El gran poeta y escritor salvadoreño Julio Enrique Ávila

Me refiero a Juana Inés de Asbaje, mundialmente conocida por Sor Juana Inés de la Cruz. Niña prodigio y mujer prodigio. ¿Qué querube plantó en los pensiles de la tierra ese rosal celeste? A poco de nacer, ya fue toda deslumbramiento, toda esencia de milagro. No fue nunca promesa, fue una anticipada realidad, una redoma colmada de maravillas. ¿Quién fue su maestro? ¿Quién le enseñó tanta ciencia, tanto conocimiento del mundo, si sabía más que los más sabios en su derredor? Ella misma y sólo ella misma. Esa fue su sed, su suplicio y su gloria: el ansia de saber. Y pobres fueron los manantiales para sus labios; y apenas gotas de cristal dispersas los riachuelos, para su sed.

Sor Juana es un caso psicológico notable, capaz de absorber por sí misma una extraordinaria cultura. Fue la mujer sabia, el fenómeno de su época, la décima musa del siglo; pero a la vez la ternura sincera y sentida, en la que brotaba como un humo hacia el cielo, la voz honda y exquisita del amor.

Ávila, en su primera publicación sobre Sor Juana Inés de la Cruz

Pero con estar tan alabada de todos, ni la adulación ni los éxitos ensombrecieron su gesto afable como un arrullo; los conocimientos la tornaron más comprensiva para las miserias humanas, más paciente para sus defectos. La pedantería no penetró jamás su epidermis de mujer fina, nacida para encantar. Para sus hermanas de claustro fue siempre el pañuelo que enjuga las lágrimas, el mohín que hace alegre la tristeza. Cuando pasaba por los sombríos corredores se sentía un murmullo de sonrisas, el revolar de su toca parecía ir dando los “buenos días” con sus alas blancas, y en sus manos milagrosas, que aquietaban los enojos y las penas, el alma parecía derramársele por la punta de los dedos….
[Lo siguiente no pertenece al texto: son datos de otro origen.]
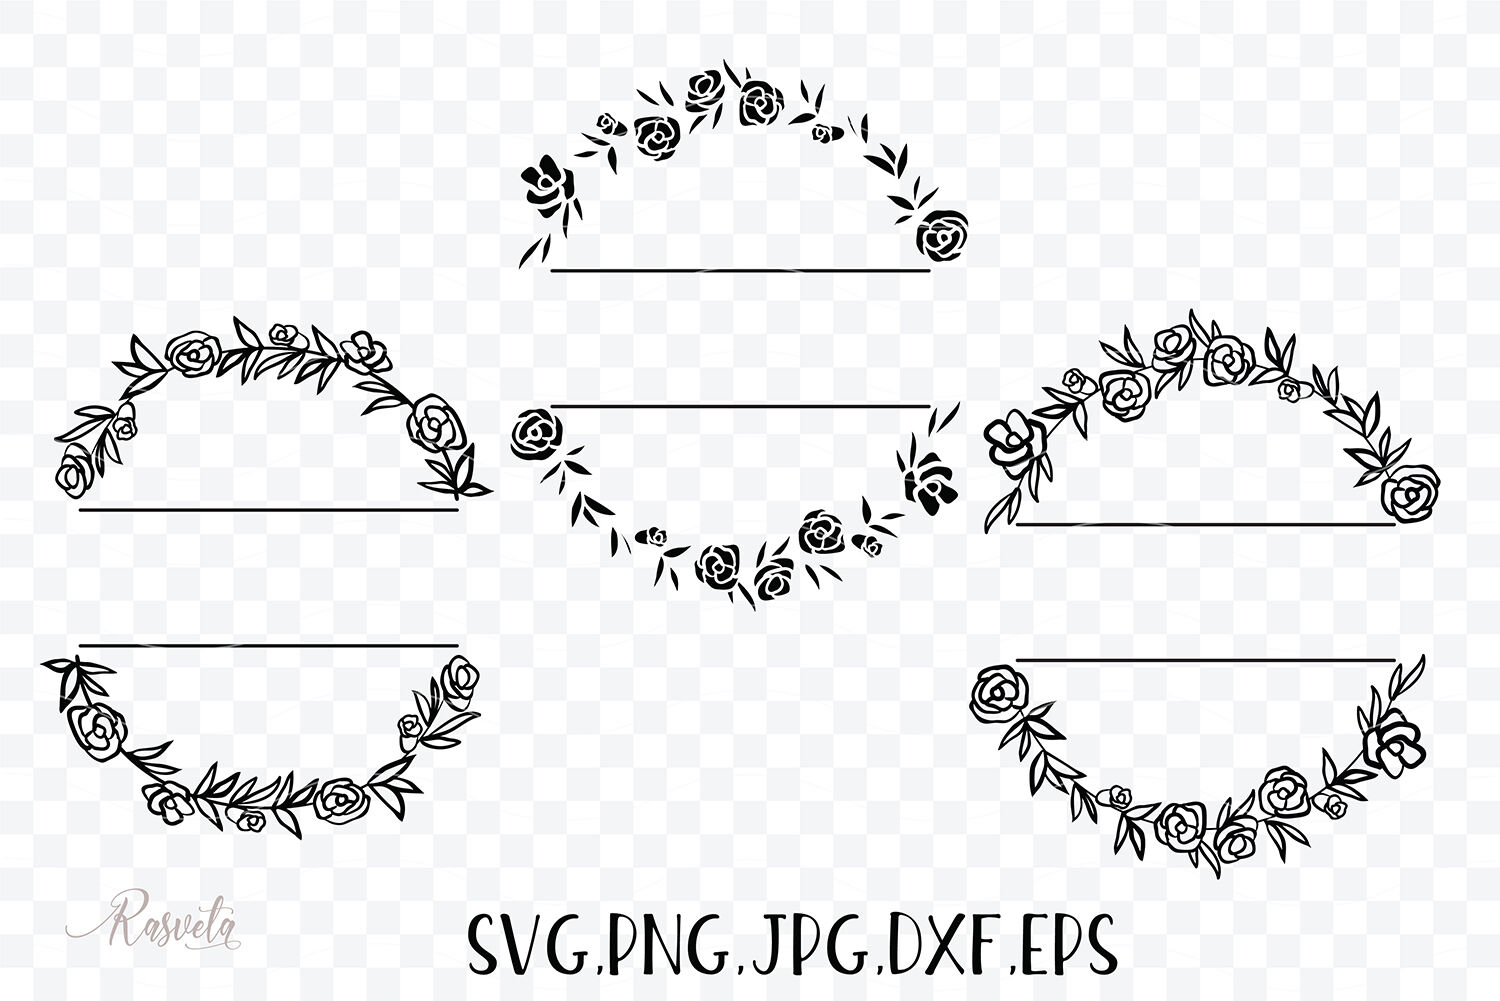 Download Jpg Round Front Door Hanger Sign Svg Png Print File Eps Welcome To Our Home Wreath Sign Dxf Cricut Cut File Digital Download Clip Art Art Collectibles Seasonalliving Com

Nació el 12 de noviembre de 1651, en una plácida alquería, con cactos y nopales, dormida en la falda de los volcanes. San Miguel de Neplanta, en la altiplanicie mejicana, a los pies del Popocatepetl y el Iztacihuatl, que mantienen, según la leyenda, un amor trágico que no ha podido apagar la nieve. La niña prodigio se llenó de luz de altura, y así como la nieve se vuelve luminosa al recibir el sol, ella se volvió luminosa. Y sin embargo era una florecilla, una florecilla montañera, pura y fuerte, para aromar entre las rocas. A los tres años, sabía leer y escribir, y era tanta su pasión por el estudio, que rogó a su madre le permitiese asistir a la escuela, vestida de varón. Sus padres, inquietos por no disponer de medios para colmar las ansias de la niña, la mandaron junto al abuelo, quien poseía una inmensa y rica biblioteca, golosina inagotable para el paladar de la flor montañesa. Por sus manos ávidas, pasaron volumen tras volumen; y en la penumbra hechizada de los anaqueles, más de una vez fulguraron juntos los cabellos dorados de la nieta y los mechones blancos del abuelo, no para ver pasar el desfile de fanfarria guerrera, como en el poema de Darío, sino hundidos en el misterio, en la búsqueda de la verdad eterna. Le bastan veinte lecciones de latín para conocer la lengua, que, con su dedicación, domina al poco tiempo con maestría. Y así como en un juego, sin darse cuenta, fue adquiriendo lo que la ciencia humana había acumulado, con un ansia jamás saciada.

Mas el ánfora de su cuerpo se fue llenando de gracia, de la rama en flor surgió el fruto apetecido; y una buena mañana se dio cuenta que era bella y que todas las miradas se quedaban prendidas en su rostro de durazno. Tenía trece años, y una de tantas noches, por el balcón abierto se entró de puntillas el ensueño, y la acarició en la luz temblorosa de la primera estrella. Ya la ciencia no fue la única hermana de su espíritu, vino la ilusión y la hizo desbordarse en rimas. Sensible, exquisita, culta, llena de gracia y de luz, su fama llegó a oídos del Virrey, quién la pidió para dama de compañía de su esposa. Y, cuando todavía estaba en la edad de la sonrisa limpia y cascabelera, penetró en la Corte, donde supo deslumbrar. Según su propia expresión, en el palacio de la Virreina, “fue desgraciada por discreta y perseguida por hermosa”. Cuando aún no tenía los diecisiete años, sufrió un examen público de todas las facultades, ante cuarenta profesores de la Universidad, teólogos, filósofos, humanistas, y a todos llenó de asombro. Según palabras del Virrey: “se defendía como una galera real en medio de un tropel de chalupas”. En la Corte fulgurante, los artistas la elogiaban y los galanes la cortejaban.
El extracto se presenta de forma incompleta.